Details: I work with torch resnet18, I expect the following output after aforementioned pipeline (fuse_fx → prepare_fx → convert_fx):
Quantized model:
GraphModule(
(conv1): QuantizedConvReLU2d(3, 64, kernel_size=(7, 7), stride=(2, 2), scale=0.011580255813896656, zero_point=0, padding=(3, 3))
(bn1): Identity()
(relu): Identity()
(maxpool): MaxPool2d(kernel_size=3, stride=2, padding=1, dilation=1, ceil_mode=False)
(layer1): Module(
(0): Module(
(conv1): QuantizedConvReLU2d(64, 64, kernel_size=(3, 3), stride=(1, 1), scale=0.00825551524758339, zero_point=0, padding=(1, 1))
(conv2): QuantizedConv2d(64, 64, kernel_size=(3, 3), stride=(1, 1), scale=0.021675927564501762, zero_point=151, padding=(1, 1))
)
(1): Module(
(conv1): QuantizedConvReLU2d(64, 64, kernel_size=(3, 3), stride=(1, 1), scale=0.007387497462332249, zero_point=0, padding=(1, 1))
(conv2): QuantizedConv2d(64, 64, kernel_size=(3, 3), stride=(1, 1), scale=0.030672406777739525, zero_point=164, padding=(1, 1))
)
)
(layer2): Module(
(0): Module(
(conv1): QuantizedConvReLU2d(64, 128, kernel_size=(3, 3), stride=(2, 2), scale=0.007220075465738773, zero_point=0, padding=(1, 1))
(conv2): QuantizedConv2d(128, 128, kernel_size=(3, 3), stride=(1, 1), scale=0.021219059824943542, zero_point=113, padding=(1, 1))
(downsample): Module(
(0): QuantizedConv2d(64, 128, kernel_size=(1, 1), stride=(2, 2), scale=0.016369296237826347, zero_point=131)
)
)
(1): Module(
(conv1): QuantizedConvReLU2d(128, 128, kernel_size=(3, 3), stride=(1, 1), scale=0.008431993424892426, zero_point=0, padding=(1, 1))
(conv2): QuantizedConv2d(128, 128, kernel_size=(3, 3), stride=(1, 1), scale=0.02427751012146473, zero_point=131, padding=(1, 1))
)
)
(layer3): Module(
(0): Module(
(conv1): QuantizedConvReLU2d(128, 256, kernel_size=(3, 3), stride=(2, 2), scale=0.00851518101990223, zero_point=0, padding=(1, 1))
(conv2): QuantizedConv2d(256, 256, kernel_size=(3, 3), stride=(1, 1), scale=0.025926809757947922, zero_point=93, padding=(1, 1))
(downsample): Module(
(0): QuantizedConv2d(128, 256, kernel_size=(1, 1), stride=(2, 2), scale=0.00756411487236619, zero_point=166)
)
)
(1): Module(
(conv1): QuantizedConvReLU2d(256, 256, kernel_size=(3, 3), stride=(1, 1), scale=0.008150133304297924, zero_point=0, padding=(1, 1))
(conv2): QuantizedConv2d(256, 256, kernel_size=(3, 3), stride=(1, 1), scale=0.02820182591676712, zero_point=164, padding=(1, 1))
)
)
(layer4): Module(
(0): Module(
(conv1): QuantizedConvReLU2d(256, 512, kernel_size=(3, 3), stride=(2, 2), scale=0.006357187870889902, zero_point=0, padding=(1, 1))
(conv2): QuantizedConv2d(512, 512, kernel_size=(3, 3), stride=(1, 1), scale=0.02578684873878956, zero_point=135, padding=(1, 1))
(downsample): Module(
(0): QuantizedConv2d(256, 512, kernel_size=(1, 1), stride=(2, 2), scale=0.019855372607707977, zero_point=124)
)
)
(1): Module(
(conv1): QuantizedConvReLU2d(512, 512, kernel_size=(3, 3), stride=(1, 1), scale=0.014804747886955738, zero_point=0, padding=(1, 1))
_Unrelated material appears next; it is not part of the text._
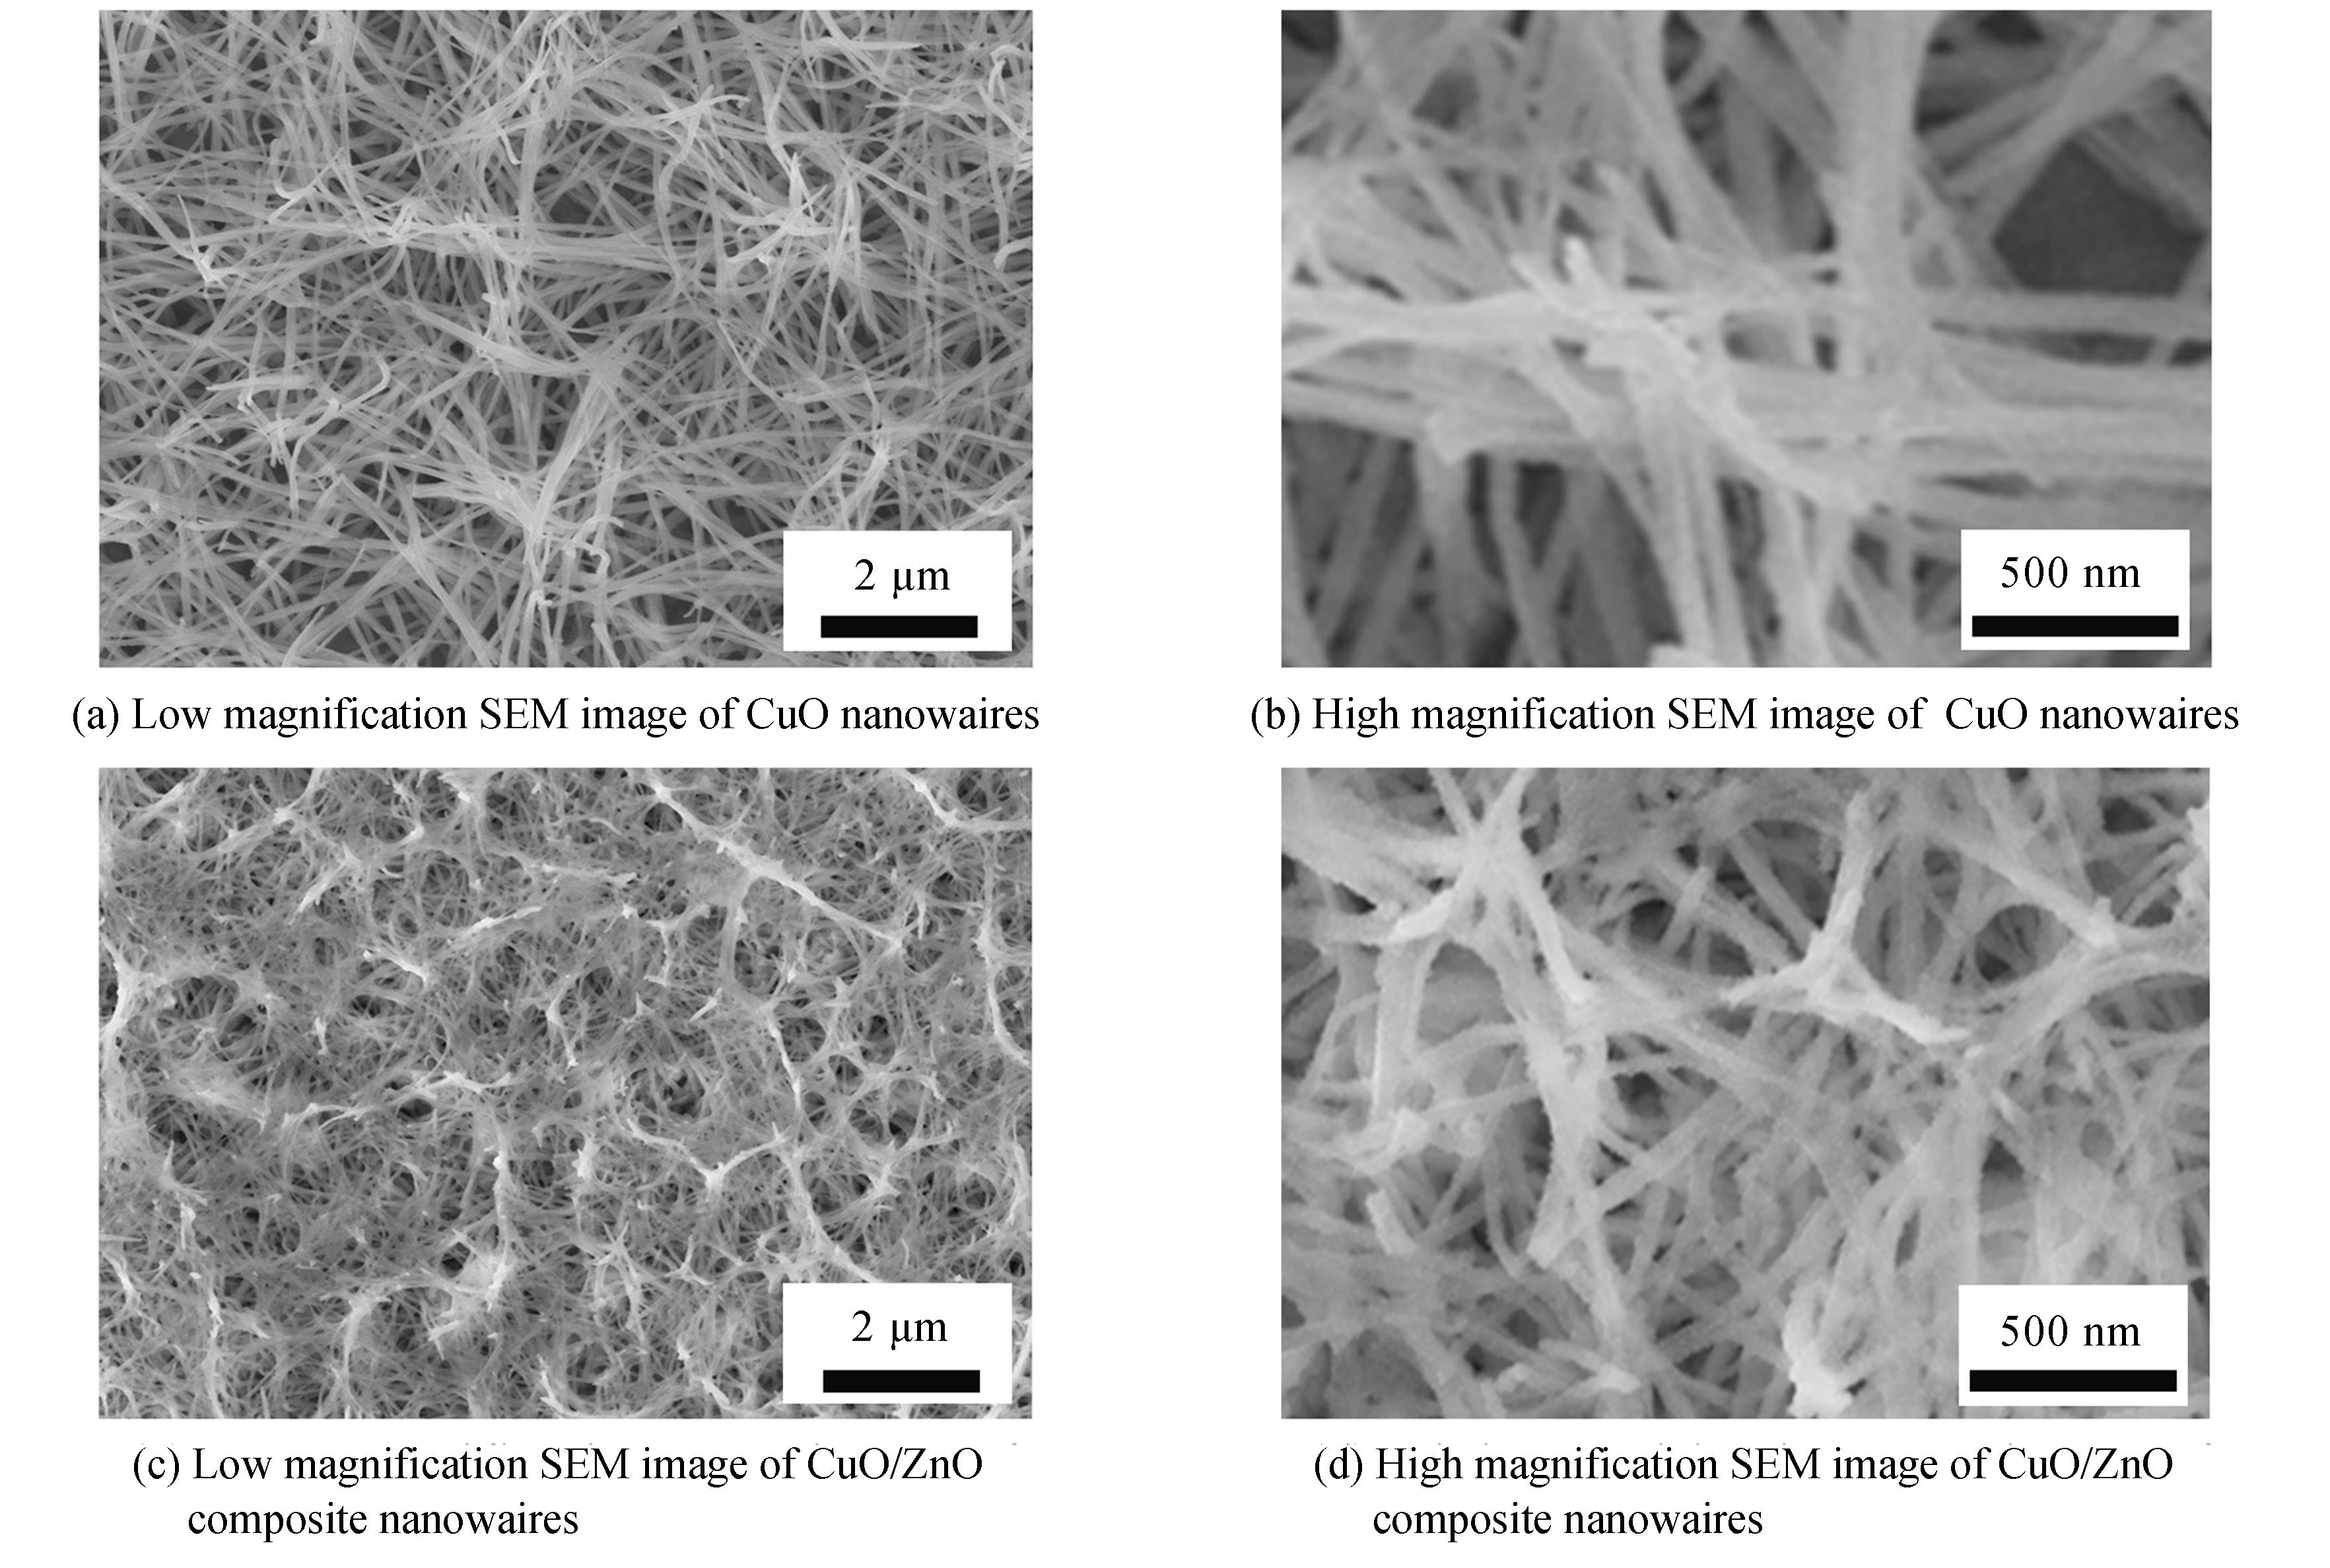 The SEM images of CuO nanowires and CuO/ZnO composite nanowires

(conv2): QuantizedConv2d(512, 512, kernel_size=(3, 3), stride=(1, 1), scale=0.12023842334747314, zero_point=94, padding=(1, 1))
)
)
(avgpool): AdaptiveAvgPool2d(output_size=(1, 1))
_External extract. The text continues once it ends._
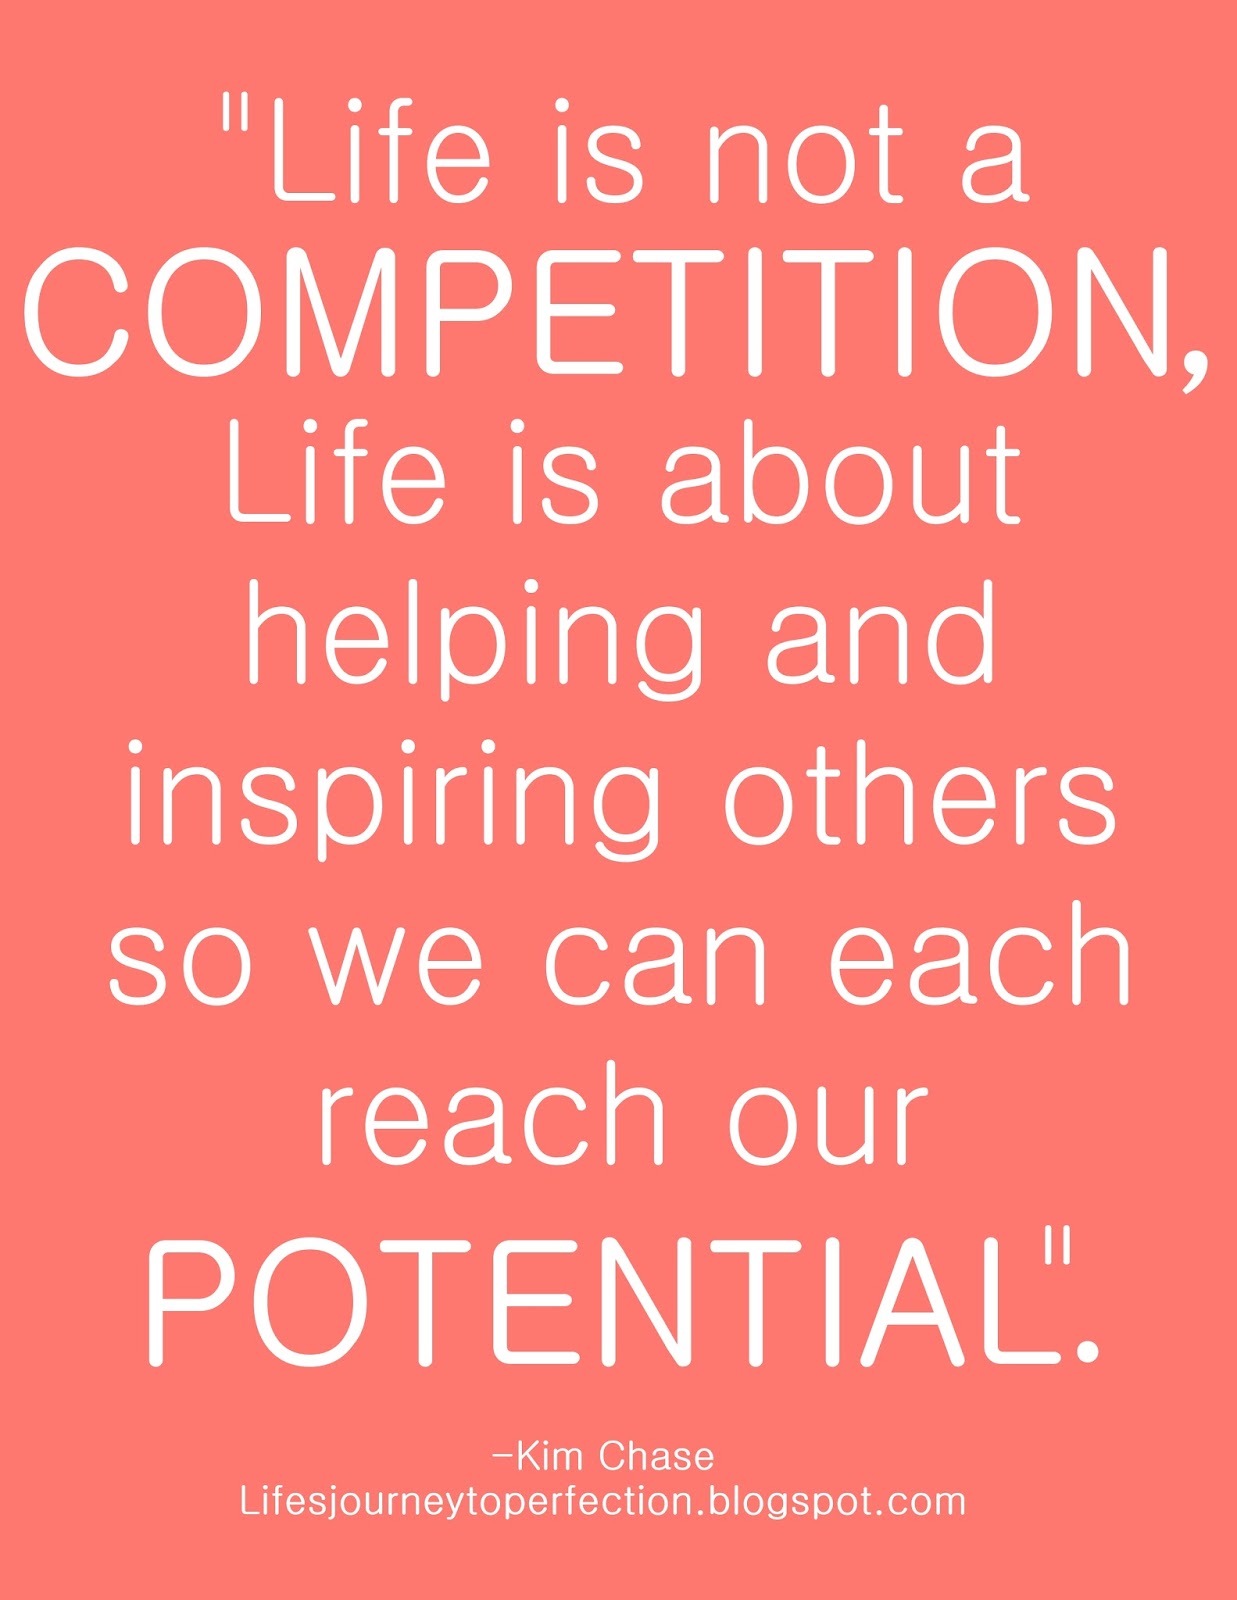 Life is not a competition. Life is about helping and inspiring others so we can each reach our potential. Kim Chase

(fc): QuantizedLinear(in_features=512, out_features=1000, scale=0.14396773278713226, zero_point=68, qscheme=torch.per_channel_affine)
)
or something like that. This was achieved with torch.ao.quantization.fuse_modules
API preceeding prepare_fx
and convert_fx
, although the benchmark shows it doesn’t work very good for
modules_to_fuse = [
['conv1', 'bn1', 'relu']
]
therefore I try to understand fuse_fx
API. Am I supposed to be doing what I’m doing, or should I already switch to PT2 Export workflow? I was under the impression Eager Mode is v1 and Graph Mode is v2, now it seems both are legacy and PT2 is the modern one?